Dosing considerations

• Steady-state plasma levels not achieved for 3-5 days, so increases in dosage should not be made less than every 4 days
• Loading dose not recommended, due to increased incidence of proarrhythmic events and chronic heart failure
• Patients intolerant to twice-daily dosing may require 8 hour dosing
• Once adequate control of arrhythmia has been achieved, may reduce dose, provided there is no loss of efficacy
• After 5 doses/steady-state, obtain ECG after initiation or change of dose; obtain plasma trough flecainide levels 1 hour pre-dose
• Usual trough plasma levels: 0.2-1 mcg/mL
• When given concomitantly with amiodarone, reduce flecainide dose by 50% and monitor closely
• Dose cautiously in patients with history of heart attack (myocardial infarction) or chronic heart failure
• When switching from another antiarrhythmic to flecainide, allow over 2-4 plasma half-lives to elapse before starting flecainide; if discontinuation of previous drug may produce life-threatening arrhythmias, consider hospitalizing the patient

Dosage Modifications

Renal impairment

• Severe (under 35 ml/min): 100 mg orally once daily or 50 mg orally twice daily
• Higher than 25 ml/min: 100 mg orally twice daily

Hepatic impairment

• Use only if benefits outweigh risks; monitor plasma levels regularly; reduce dose as necessary

• Flecainide overdose may cause abnormal heart rhythms, reduced heart rate and contraction force, and hypotension that can result in death.
• Overdose is treated with supportive and symptomatic care, which may include administration of medications to increase heart contractility, respiratory and circulatory assistance, and acidification of urine.

Inform your doctor of all medications you are currently taking, who can advise you on any possible drug interactions.

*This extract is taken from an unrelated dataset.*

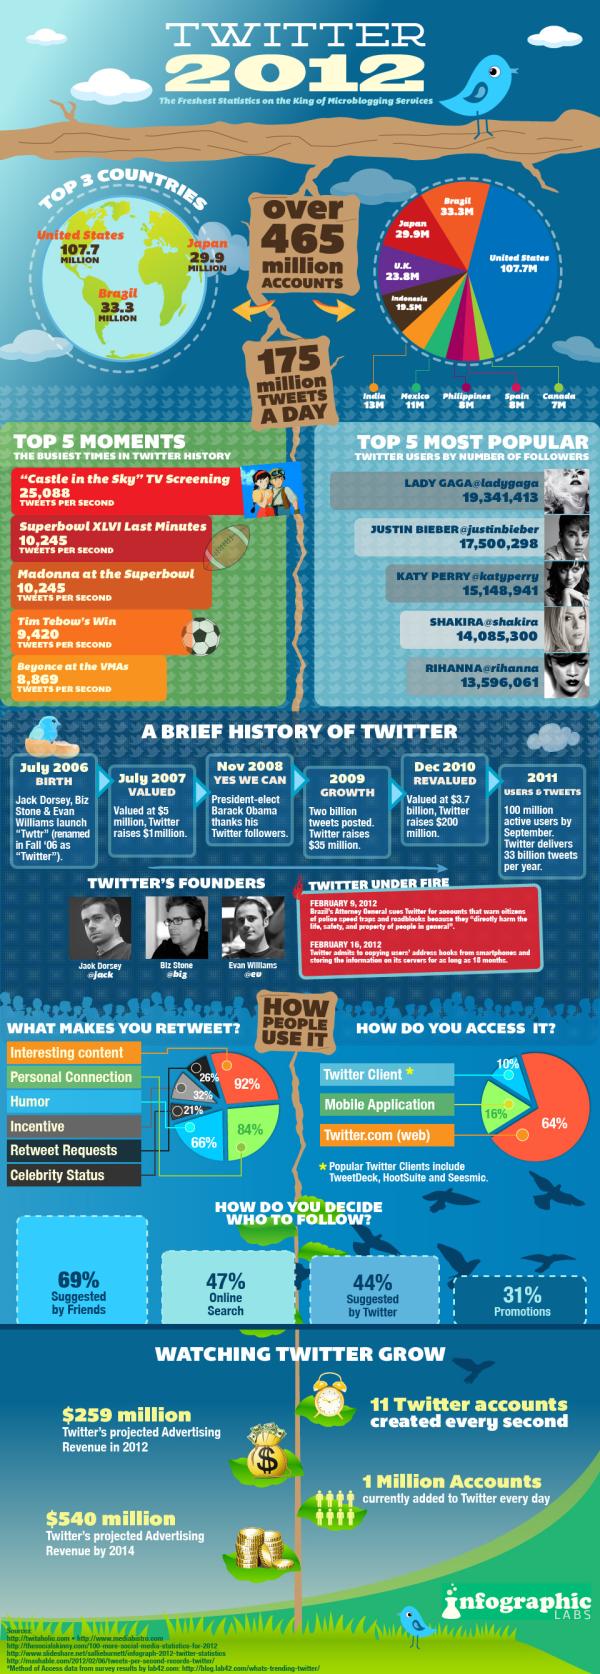 Twitter 2012 resized 600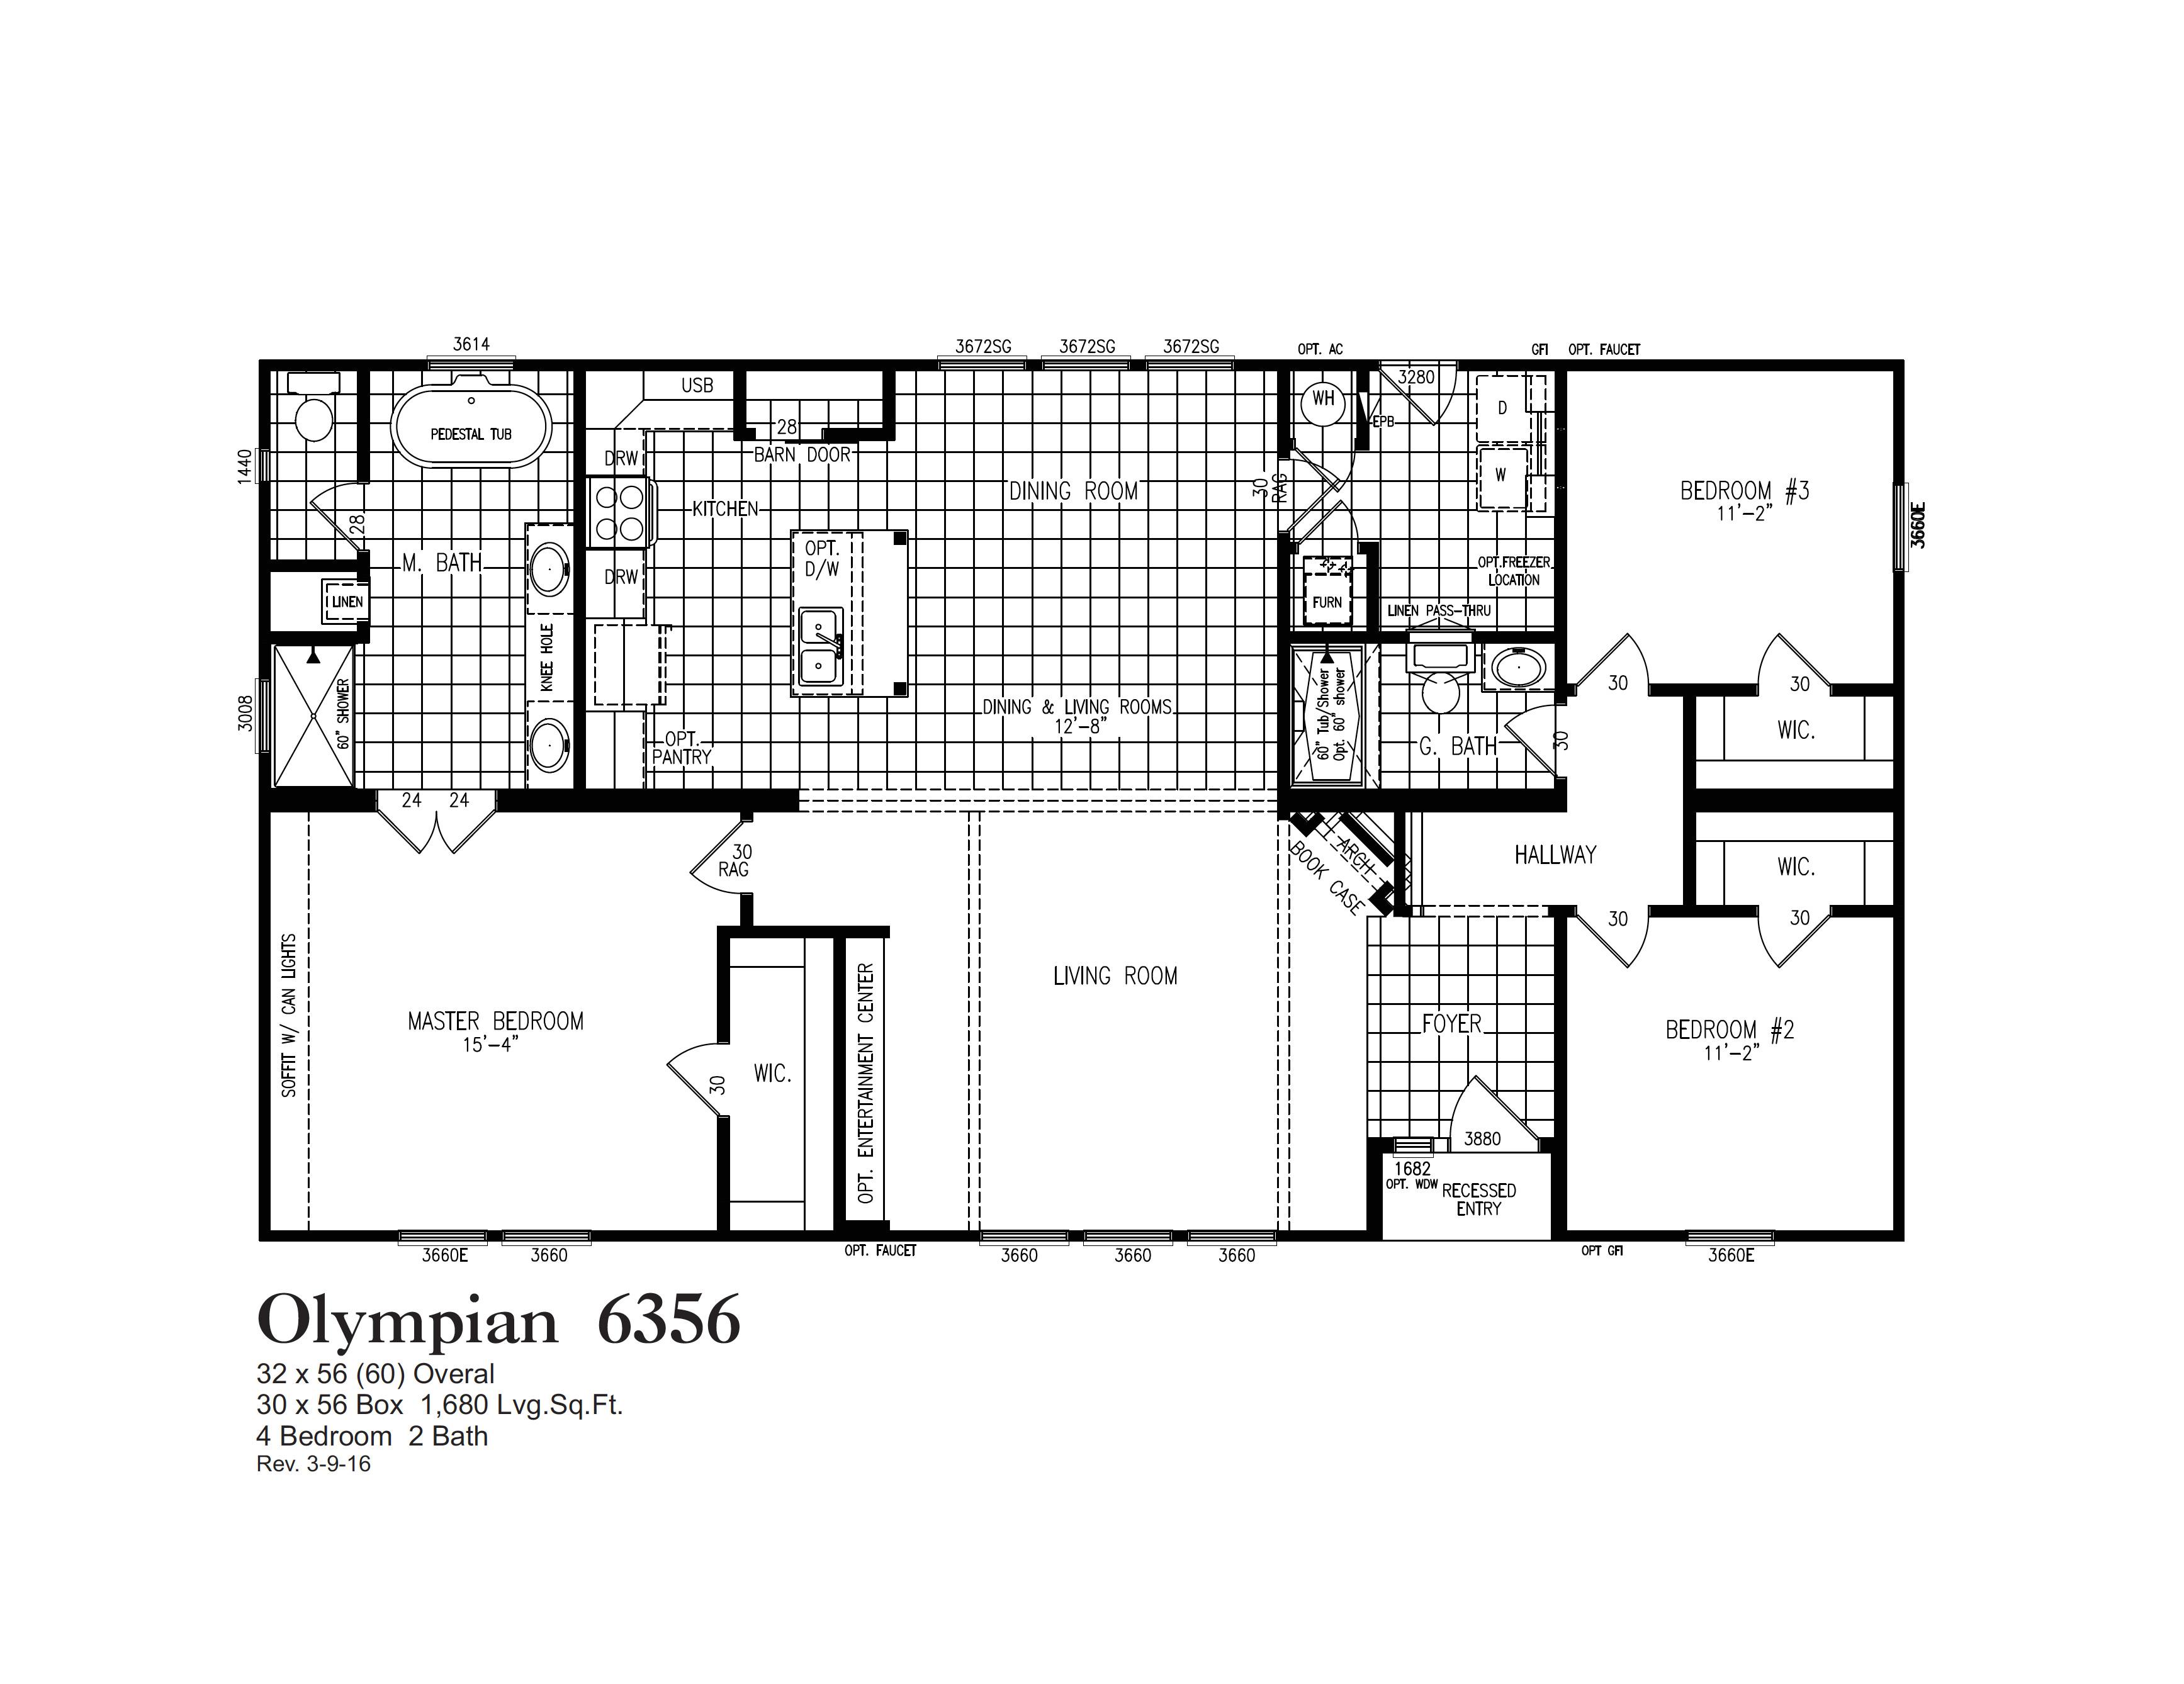 olympian 6356

Never begin taking, suddenly discontinue, or change the dosage of any medication without your doctor’s recommendation.

• Severe interactions of flecainide include:
  • nirmatrelvir
  • nirmatrelvir/ritonavir
  • tipranavir
• Flecainide has serious interactions with at least 63 different drugs.
• Flecainide has moderate interactions with at least 133 different drugs.
• Mild interactions of flecainide include:
  • apomorphine
  • azithromycin
  • duloxetine
  • lily of the valley
  • pazopanib
  • sertraline

The drug interactions listed above are not all of the possible interactions or adverse effects. For more information on drug interactions, visit the RxList Drug Interaction Checker.

It is important to always tell your doctor, pharmacist, or health care provider of all prescription and over-the-counter medications you use, as well as the dosage for each, and keep a list of the information. Check with your doctor or health care provider if you have any questions about the medication.

• Untreated arrhythmia in pregnancy can lead to maternal and fetal adverse outcomes.
• The lowest effective dose of flecainide may be used with caution for ongoing management of pregnant women with highly symptomatic supraventricular tachycardia.
• Avoid flecainide use during first trimester if possible.
• Flecainide is present in breast milk, use with caution in nursing mothers.

• Take flecainide exactly as prescribed. Overdose can be fatal.
• In case of overdose, seek immediate medical help or contact Poison Control.
• Store flecainide safely out of reach of children.